Shame is considered a social emotion with action tendencies that elicit socially beneficial behavior. Yet, unlike other social emotions, prior experimental studies do not indicate that incidental shame boosts prosocial behavior. Based on the affect as information theory, we hypothesize that incidental feelings of shame can increase cooperation, but only for self-interested individuals, and only in a context where shame is relevant with regards to its action tendency. To test this hypothesis, cooperation levels are compared between a simultaneous prisoner's dilemma (where “defect” may result from multiple motives) and a sequential prisoner's dilemma (where “second player defect” is the result of intentional greediness). As hypothesized, shame positively affected proselfs in a sequential prisoner's dilemma. Hence ashamed proselfs become inclined to cooperate when they believe they have no way to hide their greediness, and not necessarily because they want to make up for earlier wrong-doing.

Notes

1. There are a number of other explanatory mechanisms in the literature that incorporate the role of emotions to account for why actual decision-making departs from rational models. For example, “the adaptive toolbox of fast and frugal heurstics” provides an evolutionary approach to understand how and why emotions are so important in guiding decision-makers (CitationMuramatsu & Hanoch, 2005).
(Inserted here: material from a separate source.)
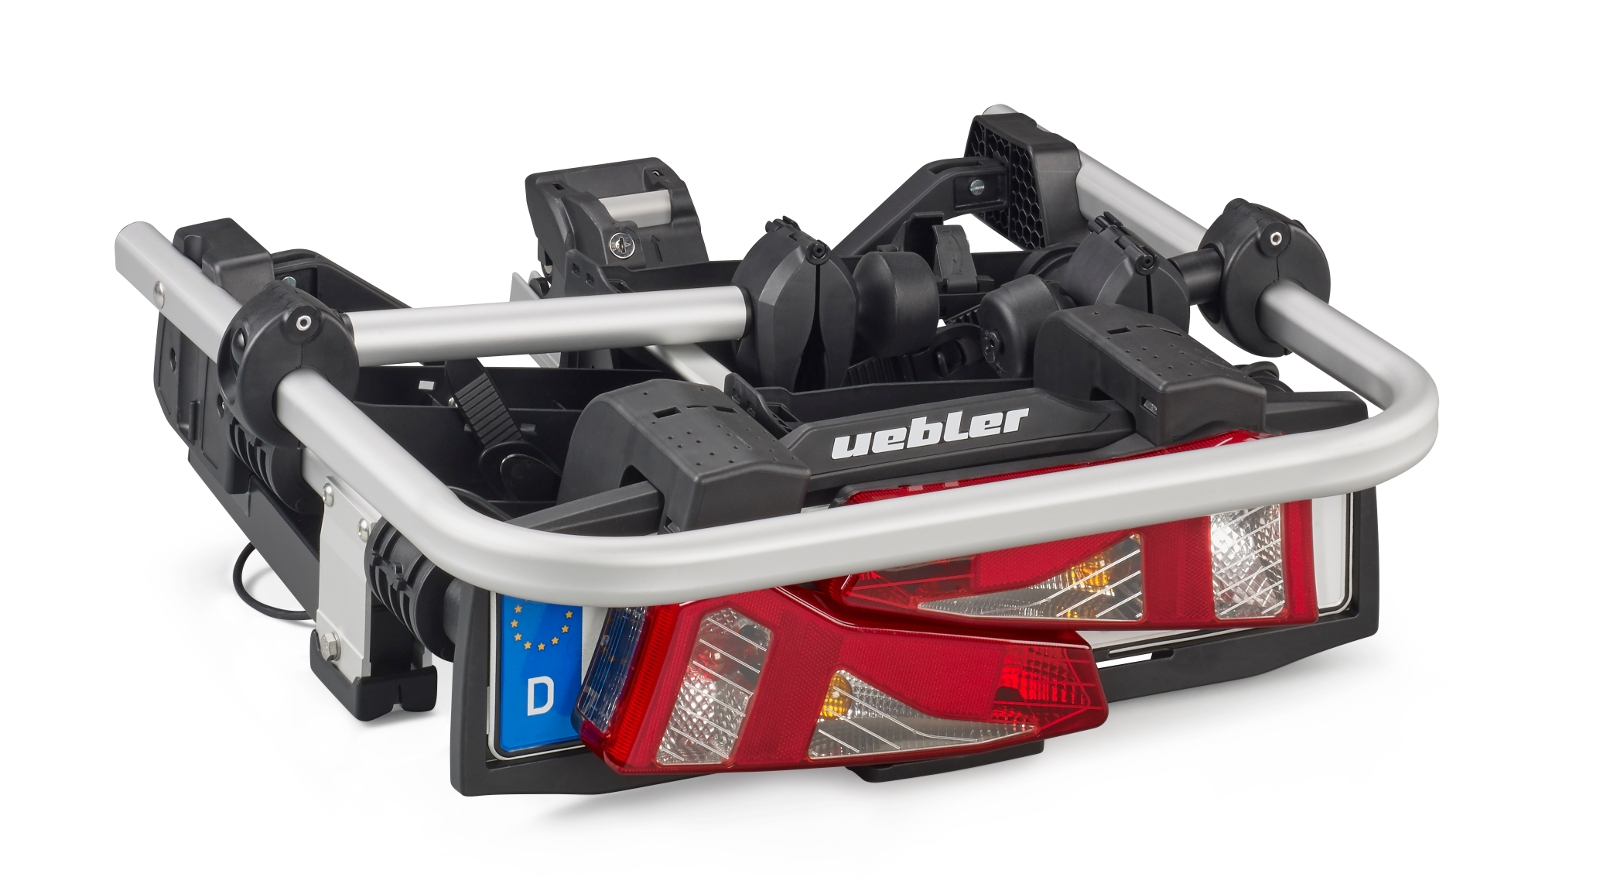 Nosič jízdního kola na tažné zařízení ve složené podobě, kterou lze snadno uskladnit do kufru.

2. The letters L, K, S and P were chosen at random to denote the options that participants in an experiment can choose given the pay-off matrix shown in . We purposefully avoided using the more typical ”option A versus option B” (or option 1 versus 2) to avoid possible experiential biases. For similar reasons, we avoided using “C” for cooperate and “D” for defect.

3. One could argue that it is shameful not to trust a partner, but that implies the partner is personally acquainted and deserving of trust. This is unlikely to be the case in one-time, anonymous interactions.

4. During the experiments, participants played an additional coordination game. The pay-off structure in this game does not offer an incentive to defect. The coordination game was added for the purpose of testing a hypothesis that is unrelated to the present study and is reported elsewhere (CitationBoone et al., 2010). The order of the coordination game and the simultaneous prisoner's dilemma were alternated and counterbalanced. No feedback of the partner decision was given in either game.

5. As a robustness check, we repeated the main analyses of interest without the control variables, which yielded very similar results. As hypothesized, the interactive effect of Shame*SVO is not significant in the simPD (B = .19, SE = .89, p < .83), but it is significant in the seqPD (B = −1.81, SE = .91, p < .009). The effect of the three-way interaction Shame*SVO*Game remains marginally significant (B = 2.00 SE = 1.15, p < .082).

6. To substantiate that concern for reputation affects especially proselfs, two independent judges analyzed the content of the shame essays (n = 59) and evaluated whether or not the participants reported losing face in public (reports of losing face = 1, 0 otherwise). The judges agreed on 75% of the cases. A third judge scored the 25% of the essays on which no agreement was reached, and the score for these remaining essays was determined by the 2/3 majority. There were 21 essays written by proselfs and 32 by prosocials (the remaining 6 shame essays were written by unclassified participants). Proself reported significantly more “losing face” than prosocials (χ 2 (1, 55) = 5.02, p < .025). While a number of proselfs who reported losing face still defected, there was not a single cooperating proself who did not report losing face. Hence the idea of losing face might be a necessary but not sufficient condition for proselfs to cooperate. (Note that, because the frequency of cooperating proselfs reporting losing face = 0, the interactive effect of losing face and SVO could not be tested statistically with frequency tables. The latter do not allow for 0 cells.)

7. The negative effect of shame on cooperation for prosocials only (combining the data from both games) is marginally significant (Logistic regression on data pooled for both games, clustered on each individual, with cooperation as dependent variable, age and sex as control variables, and shame as independent variable: B = –.72, SE = .40, p < .070).